Another critique is offered by Palacios on the basis that while Vasconcelos did not support so-called "negative eugenics" or Social Darwinism, he did advocate for a "eugenics  of  aesthetics." Palacios describes eugenics of aesthetics as a survival of the beautiful, as compared to Darwin's survival of the fittest.(p422) Palacios suggests that this viewpoint alongside other comments made by Vasconcelos show that he held some races as better than others.(p422)

Usage of phrase
The title  embodies the notion that traditional, exclusive concepts of so-called "race" and nationality can be transcended in the name of humanity's common destiny. It originally referred to a movement by Mexican intellectuals during the 1920s who pointed out that so-called "Latin" Americans have the blood of all the world's so-called "races": European, Asian-descended native Americans, and Africans, thereby transcending the peoples of the "Old World".

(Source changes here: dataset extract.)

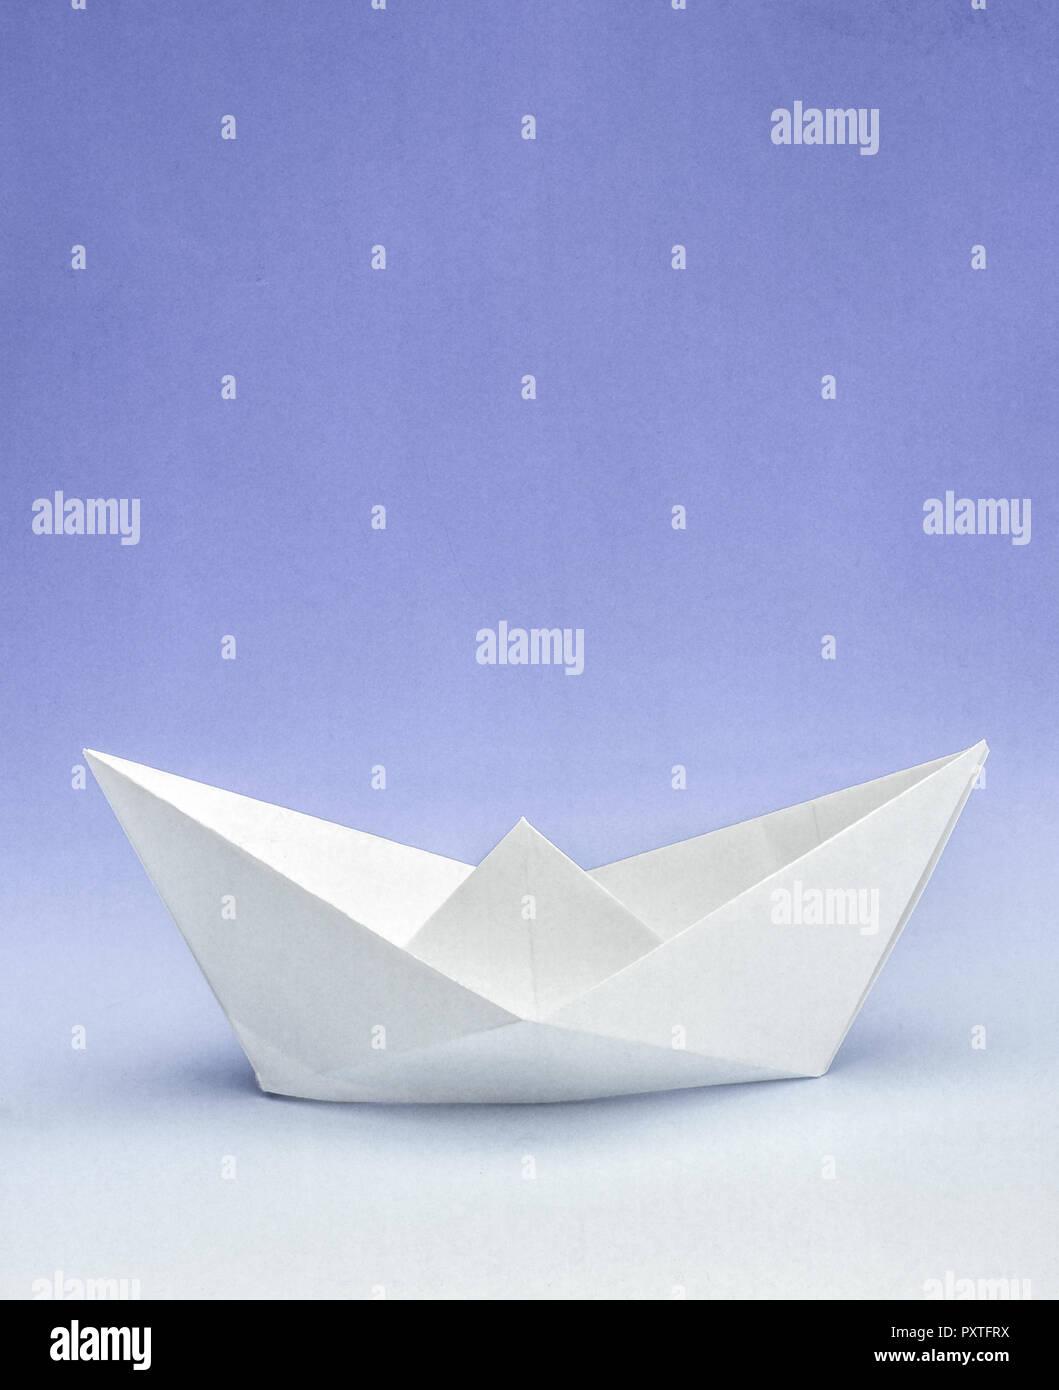 Origami Crimp Fold   1390x1060

Vasconcelos also alluded to the term when he coined the National Autonomous University of Mexico's motto: "" ('Through my race the spirit will speak').

Contemporary usage 
Contemporarily La raza cósmica has become about mestizaje (racial mixture) and mestizos/Métis rather than the creation of the cosmic race. Palacios describes how the Chicano movement appropriated and transformed the ideas of Vasconcelos' fifth race into that of Mexican national thought, focusing on the words from a poem by Alurista, "a bronze people [an ethnic alloy] with a bronze culture [an alloy of traditions]."(p428) Palacios also gives the example of Valdez, a Chicano writer, who focused on trying to create a society that was less Eurocentric or Western rather than following Vasconcelos' idea to evolve the Indigenous and mixed into something better.(p430)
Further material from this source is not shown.